Later when Miriam noticed that the rabbi appeared to be unusually abstracted, she asked. "Are you bothered about the Mandells. David? Do you think Lanigan will give them a rough time?"

"Oh, I'm sure he will, if only to impress on them the seriousness of withholding evidence from the police in a capital case. But a lot of it will be put on, because he knows that people do it all the time, he's told me on more than one occasion that it's one of the facts of life as far as the police are concerned. What bothers me is that Mrs. Mandell's story tends to show that Stanley was near the Jordon house at the crucial time, and Lanigan might decide to follow that line and pull him in."

"But he's innocent—"

"Then he'll get off eventually. I suppose. But in the meantime they'd give him a hard time, they might reason that if she was able to identify his car, he should have been able to identify hers, and that in not telling them he was concealing information."

"But Mr.

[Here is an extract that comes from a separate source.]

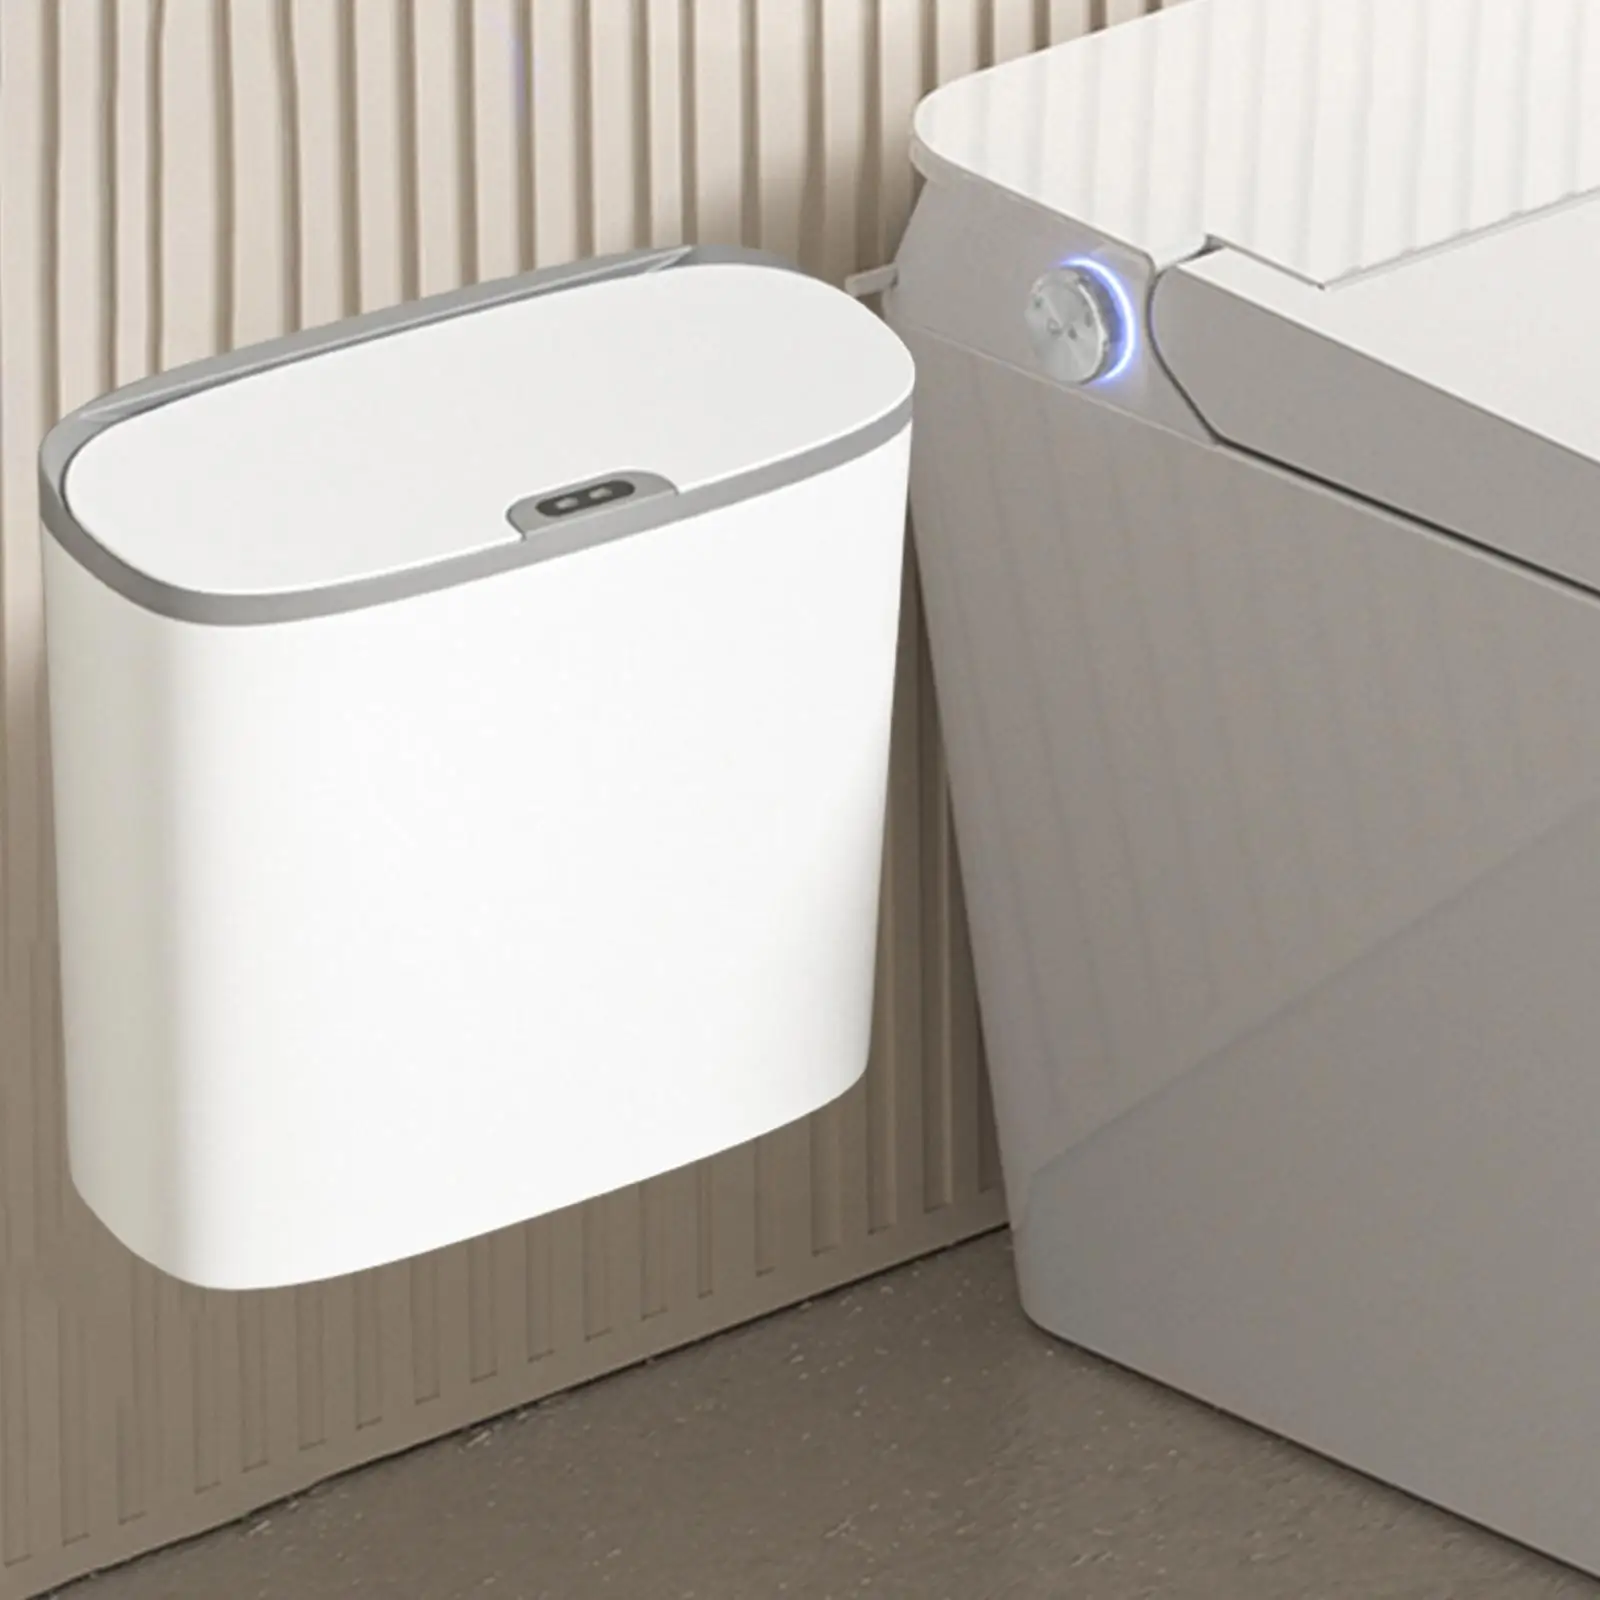 Smart Induction Trash Bin Automatic 14L Capacity Kitchen Garbage Bin Rubbish Bin for Home Office Bathroom Laundry Living Room

Mandell didn't find out from Stanley. It was his mother who told him that Molly had gone out."

"True. But Mr. Mandell won't dare say so, because his wife will be there and he doesn't want her to know. It seems terribly unfair to Stanley somehow."

A couple of hours later, however, the rabbi received a telephone call that proved his fears were groundless, or at least misplaced. It was from Herb Mandell, he was angry, perhaps a little frightened. It showed in the sarcasm of his tone. "I want to thank you for your advice, Rabbi, we did exactly as you suggested. Lanigan questioned Molly for over an hour, he had the poor girl crying before he was through. But that's not all, he told her he didn't want her leaving town. Thanks to your advice, she's now a suspect and will be followed everywhere she goes by cops."

"Oh, surely not—"

"No? Well a few minutes ago I looked out the window, and there's a car parked in our street, diagonally across from our house, and there are a couple of cops sitting in it, and I'll bet you everything you like there's one parked on Francis Street, too, so they can see if anyone comes out the back door."

"I'm sure you must be mistaken. Mr. Mandell. Chief Lanigan may want her to be available to give evidence. If you like. I'll get in touch with him and find out, if I can, just what the situation is."

"I'd like."

50

AFTER RELEASING MALTZMAN, LANIGAN HAD SUGGESTED TO Jennings that he go on home and relax a little.

"Good idea, Hugh, the missus has been complaining about eating alone the last couple weeks. How about you? Why don't you go home, too?"

"I will a little later. I want to get everything organized for my meeting with Clegg first. I'll see you in the morning."

Not many hours later, however, while he was dozing on the divan in the midst of the litter of the Sunday paper. Jennings was awakened by a call from Lanigan, there were new developments. Could he come down?

He could tell that his chief was excited. "I'll be right over. Hugh."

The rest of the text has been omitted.